Sunday, December 29, 2013

Book 127: Turn Right at Machu Picchu

Every time I read a book like this or Bill Bryson's A Walk in the Woods, I feel like I could totally go hiking for several days and almost feel inspired to do it except for the pesky sleeping outside and carrying a tent on my back part of it.  Give me Hawaii - spend the day hiking, and then return to a nice hotel with a shower and dinner in the evening, and hike somewhere else the next day.
Anyway, Mark Adams has worked for travel adventure magazines for a good portion of his life though he has never actually had a travel adventure.  His wife is from Peru and he has visited numerous times, but he hasn't been to the big tourist attraction or ancient ruins of Machu Picchu.  However, he feels inspired to do something and with the 100 year anniversary of the "discovery" of Machu Picchu looming, he decides to hike in Peru and document the trip (this book is a few years old since this discovery was in 1911).
The book is a nice mix of the known history of the Incans, especially around the time of the invasion, mixed with the history of the exploration of its forests and jungles as explorers became more interested.  In some cases the sites these exploreres "discovered" actually had people living on them so they had never been lost per se, but consciousness and interest was raised once the spot light was turned on them.  He also sheds light on Hiram Bingham III, the son of a family of missionaries who wants to make a mark on the world.  He has become a rather controversial figure, and Adams does a relatively good job of balancing the man with the legend, and showing why he has fallen out of favor while also highlighting some of the good he accomplished.
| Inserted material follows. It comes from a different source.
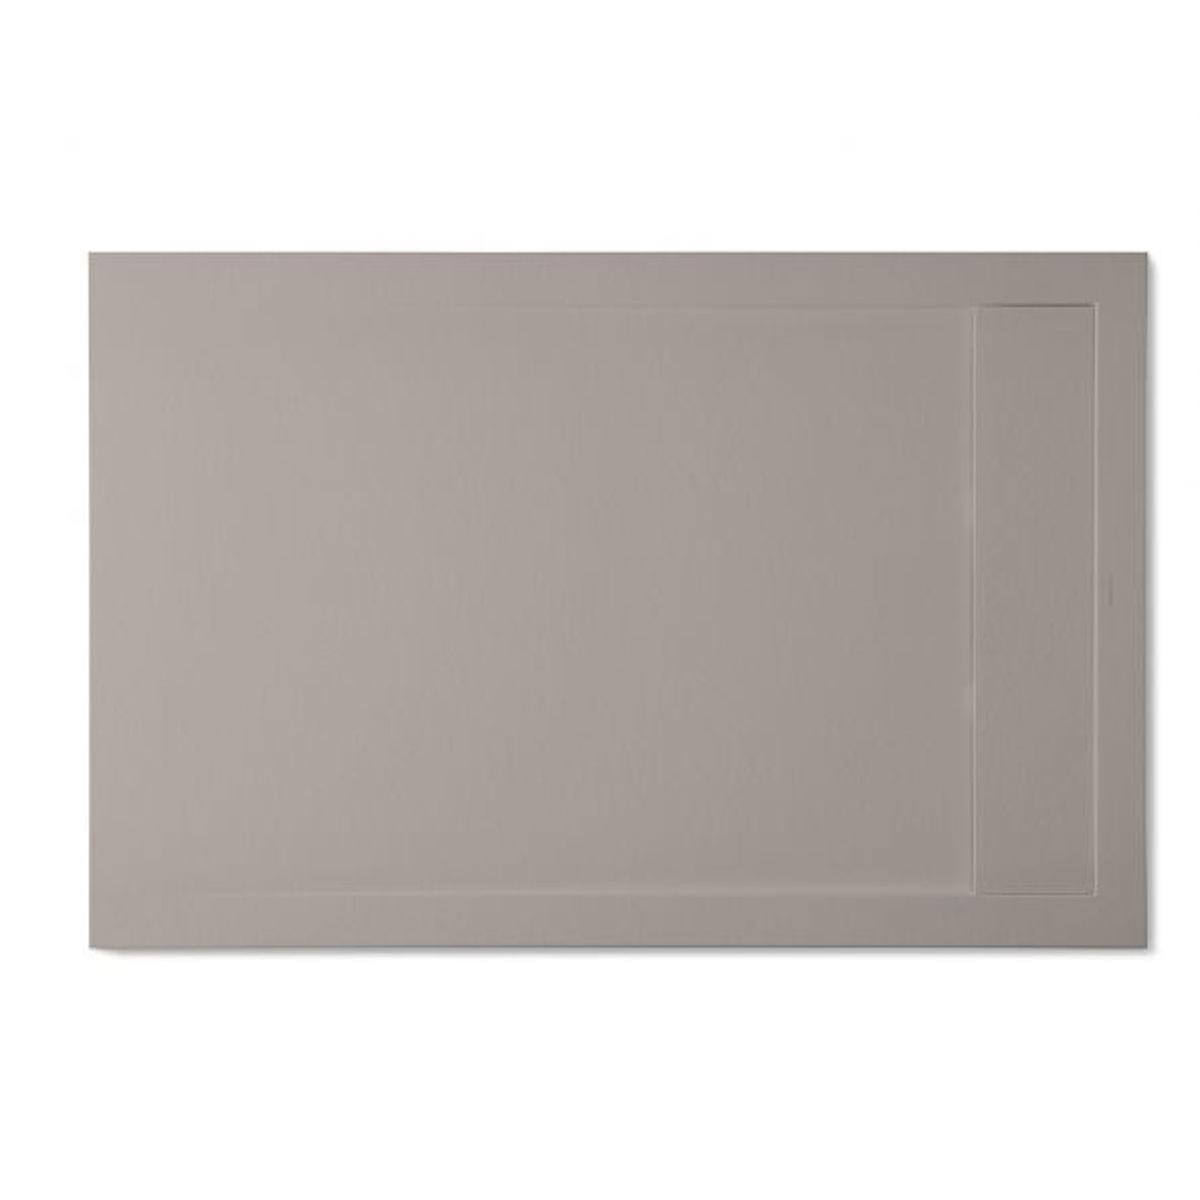 Plato de ducha rectangular 100x80 Andrómeda Stone Cover Fango
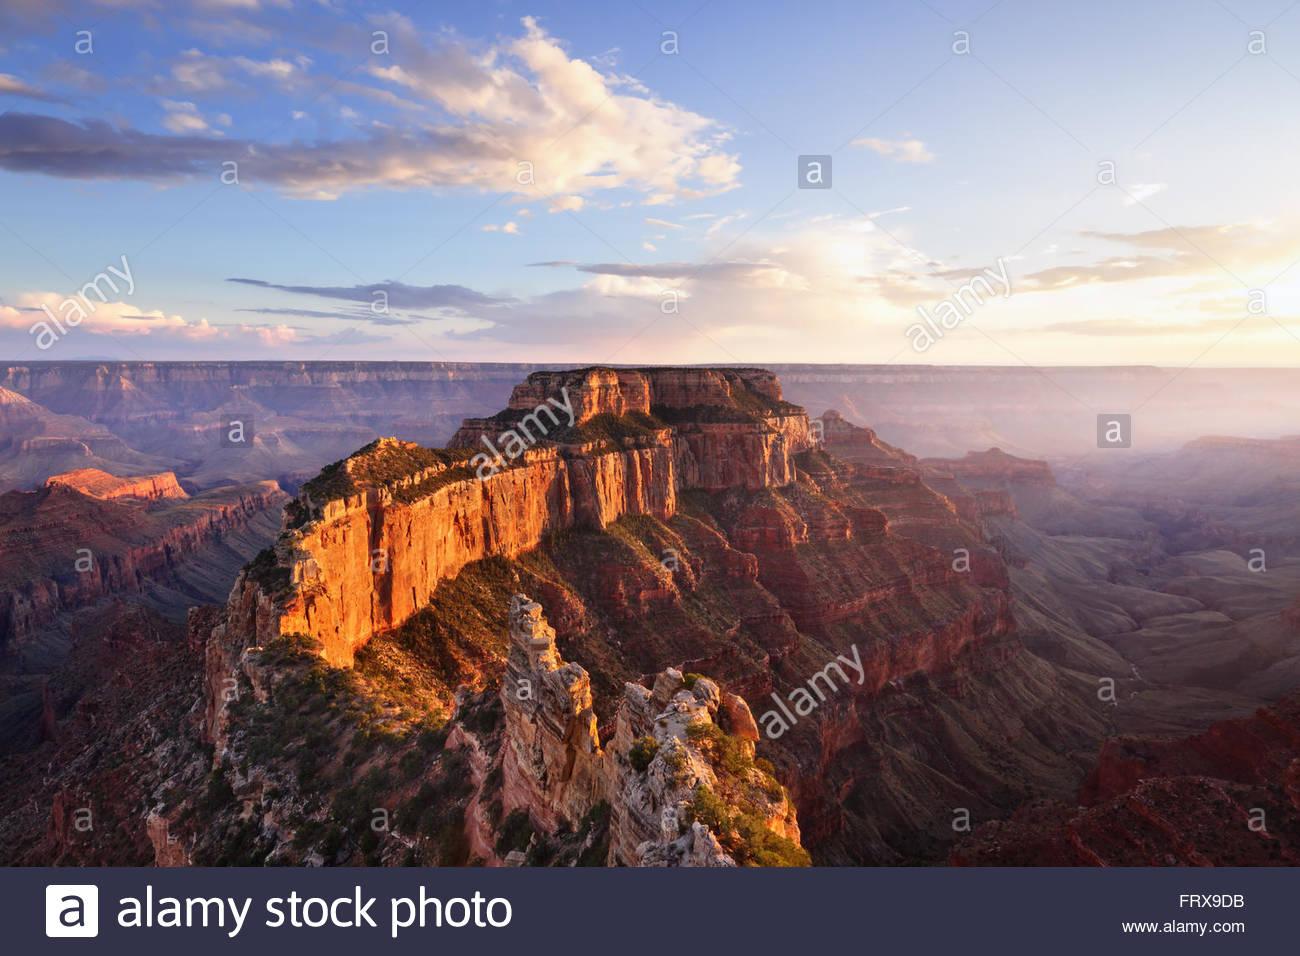 Wotans Throne, Cape Royal at Sunset, Grand Canyon North Rim, AZ - Stock Image

Overall, I thought it was a very informative book and while it doesn't seem anyone is quite agreed yet on what Machu Picchu represents (different theories at different times have included the last city of the Incas that they retreated to, a summer estate, the end of pilgrimage), he does present and make a case for some the more plausible theories.  He also does a good job with deprecating humor as he is clearly out of his depth compared to his guide that has hiked this trails so many times.  As I said, it does make me want to explore at least parts of the trail and see it for myself but I just don't think I have the living out of a backpack thing in me, at least when it's for vacation and pleasure.